NIST Collaborative Research Cycle on Synthetic Data. Learn about Synthetic Data week by week!

Primary LanguageJupyter NotebookMIT LicenseMIT

Discord Youtube Medium YData Synthetic

NIST Privacy Collaborative Reseach

The Data-Centric AI Community just launched a small community project to experiment with the NIST Challenge!

  • Goal: To learn about Synthetic Data and how it can be used to prepare sensitive private data for public release!
  • Dates: From April to July. You can also join at any time, follow the weekly plan, and post questions on our Discord.
  • Where: 🤖-nist-challenge channel in our Discord Server
  • Touch Points: We meet every Friday around 4 PM GTM on the 🧠-code-with-me channel to discuss the project.

Overview

🎯 The overall goal of the project is to explore synthetic data to prepare sensitive private data for public release.

📀 NIST has launched a benchmark of 3 datasets, MA, TX (Texas), and NATIONAL which you can use in the project.

📊 To provide an evaluation of the de-identified data against the target/real data, NIST has created the sdnist package that can be installed according to the instructions below.

💻 To create the de-identified data, we'll use ydata-synthetic package, explore different model settings and study the effect this has on the final results.

🧭 Learning Outcomes

Week What you will learn
1 Goal and objectives of the project. You'll connect with other learners in the DCAI Discord Server and be added to the NIST Team to access the 🤖-nist-challenge channel and receive permissions to collaborate on the GitHub project.
2 Basics of Synthetic Data. You will learn more about what is synthetic data, how is it generated, what are the main applications.
3 Basics of Data Profiling. You will learn what is data profiling, how to understand your data with descriptive statistics, and what are common data quality issues. You will also explore the NIST datasets with ydata-profiling and preprocess the data according to your findings.
4 & 5 Generation of Synthetic Data. You will explore Deep Learning models (Generative Adversarial Networks -- GAN) to generate realistic synthetic data using ydata-synthetic.
6 & 7 Basics of Evaluating Synthetic Data.
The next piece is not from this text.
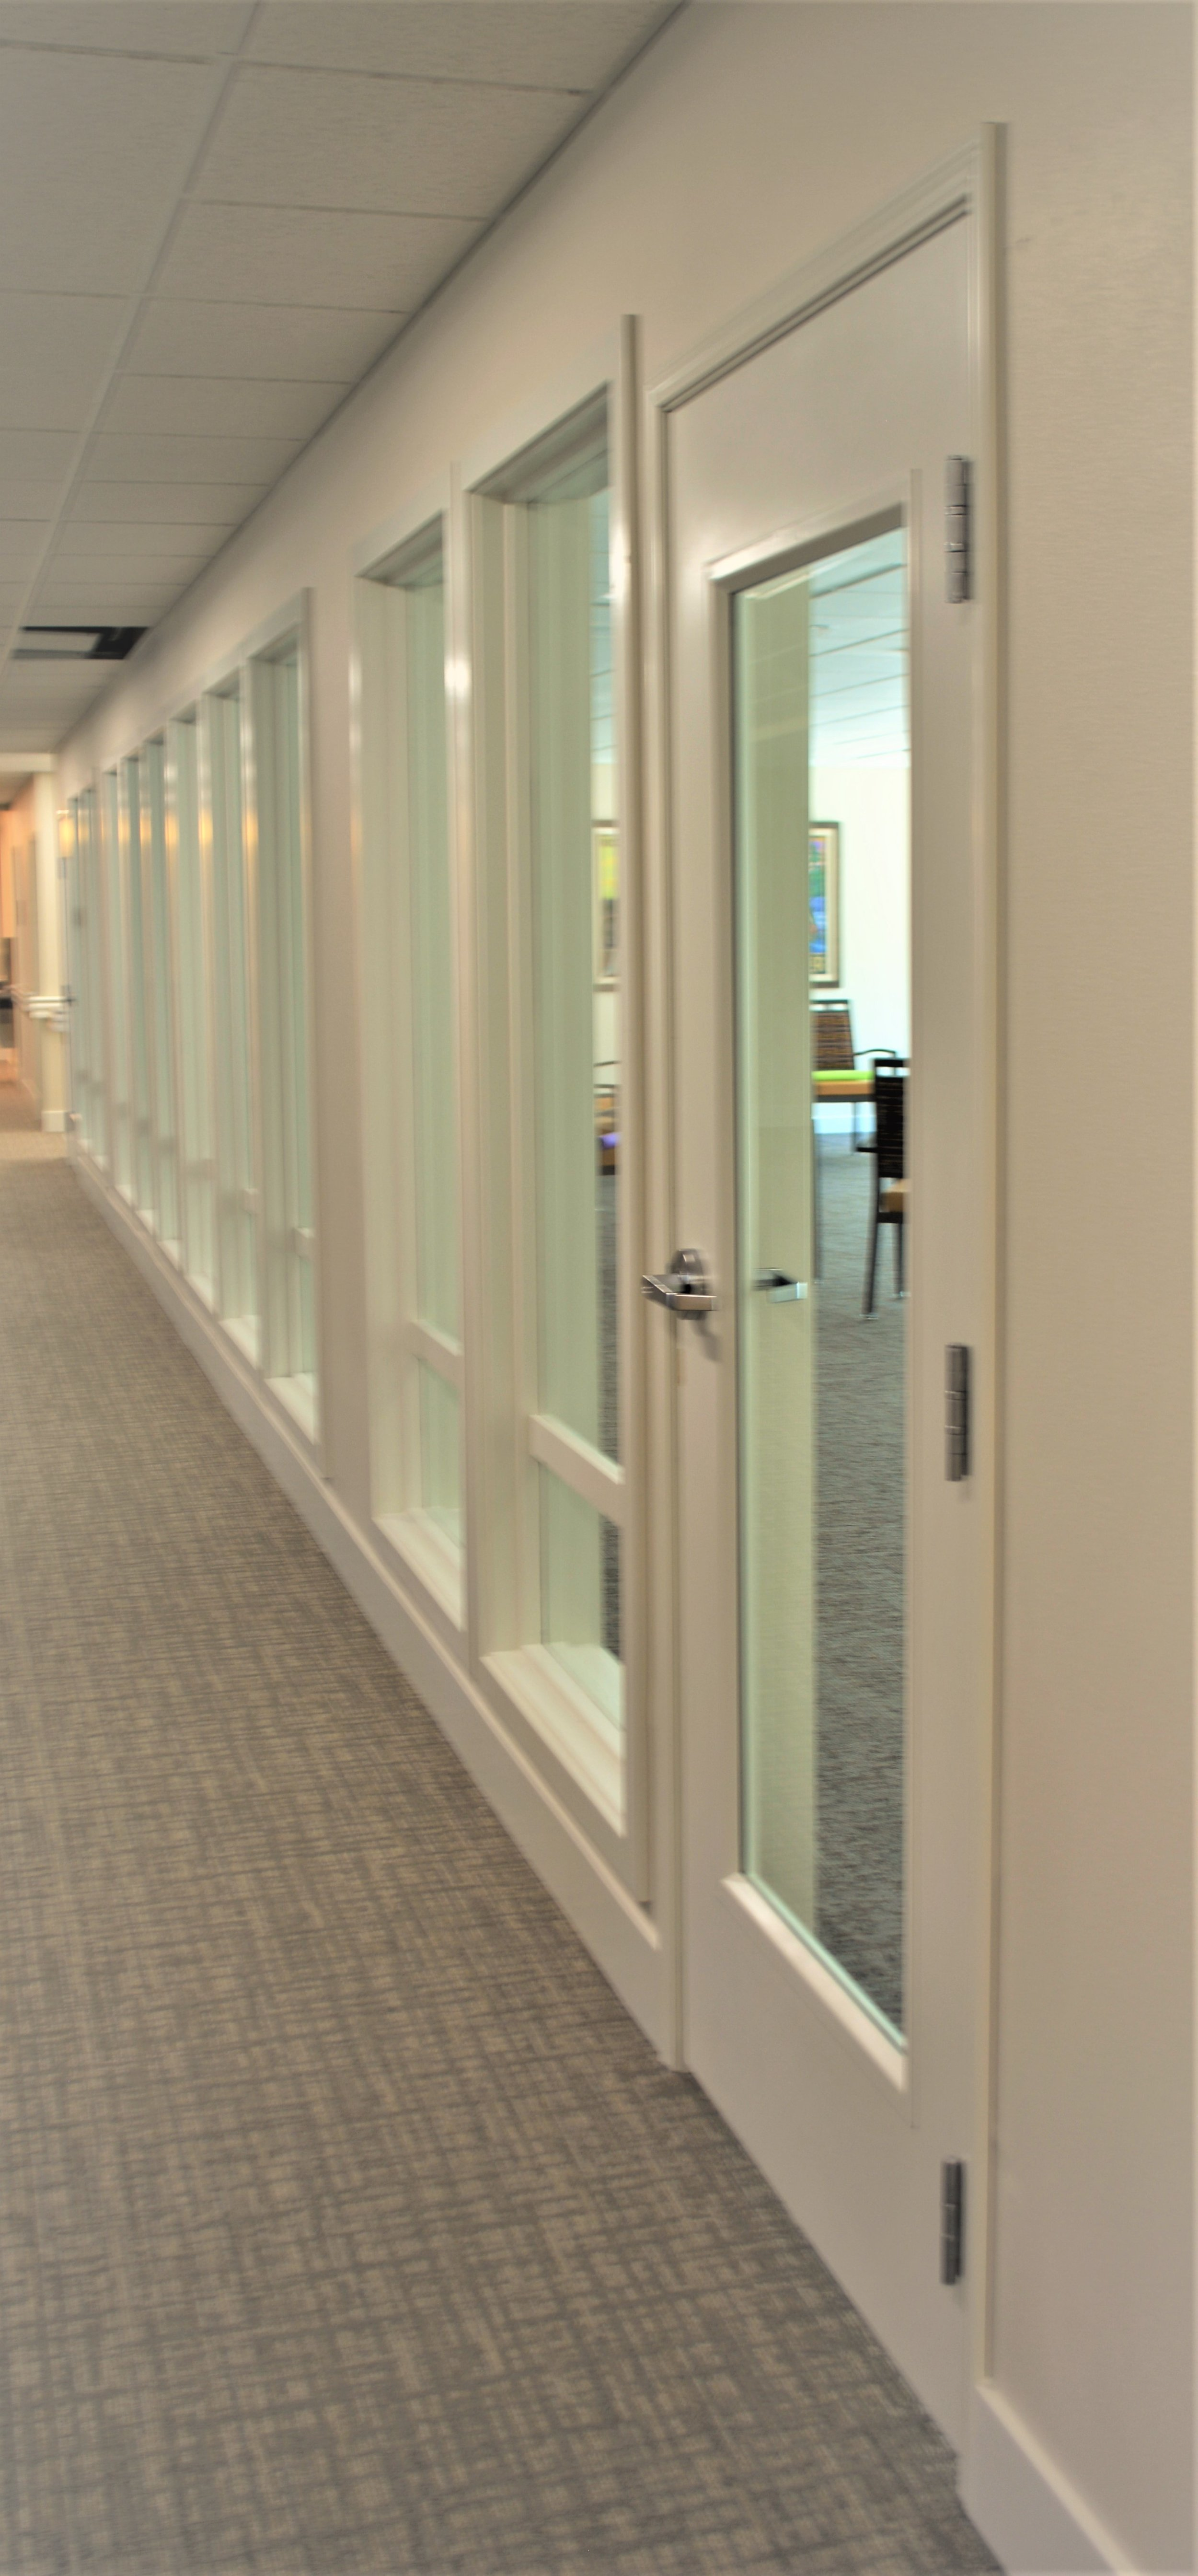 gym door and windows trims.JPG

You will explore some strategies to evaluate synthetic data and investigate possible improvements to your solution. We will explore the sdnist package to evaluate our synthetic data.
8 Project Showcase. You will learn how to best showcase and publicize your project in your data portfolio, CV, GitHub, or Medium Account.

🔨 Tasks

Week 1:

Week 2:

Week 3:

  • Learn about the basic aspects of Data Profiling:

  • Start profiling the NIST data:

    • Installydata-profiling (check the Installation Instructions below) and don't forget to star it, thank you! ⭐️
    • Choose one of the NIST datasets (MA, TX, or NATIONAL):
      • The datasets are available here
      • Run a Profile Report on your data (check the Installation Instructions below)
      • Create an excel file to register your learnings. Suggestion for the columns: Feature Name | Data Type (Numeric/Categorical) | Missing Values (Y/N) | Notes/Observations. Your observations should be based on the profiling report, but also on the description of the features provided
  • Post questions and comments on the 🤖-nist-challenge channel.

  • Meet us on Friday (May 12) to discuss what you've learned (check the available slots on our 📅 Discord Calendar). Don't forget to bring your excel file with the data description and your profiling report!

Weeks 4 & 5:

⚙️ Installation Instructions

📦 How to create and use Virtual Environments?

A lot of troubleshooting arises due to misalignments between environments and package requirements. If you're new to data science development, maybe you just install packages unto your global Python environment. This may turn into a lot of headaches when project requirements are conflicting.

Virtual Environments are ideal to overcome this issue: they isolate your installations from the "global" environment, so that you don't have to worry about conflicts. If you've never used virtual environments for your data science projects, you can start by installing anaconda. If you need a little convincing that this is a nice tool to have on your belt, then check this post comparing conda with pip, venv, and pyenv.

Once anaconda is installed, creating a new environment is as easy as running this on your shell:

conda create --name synth-env python=3.10

This creates a new environment called synth-env with Python version 3.10.X. You can then switch to this environment by activating it:

conda activate synth-env

In this new environment, you can still call pip to install python packages, such as ydata-synthetic:

pip install ydata-synthetic

Now you can open up your Python editor or Jupyter Notebook and use the synth-env as your development environment, without having to worry with conflicting versions or packages between projects! Once you're done, you can deactivate the environment using:

conda deactivate synth-env

Suggested Materials

📊 How to install ydata-profiling and create a Profiling Report?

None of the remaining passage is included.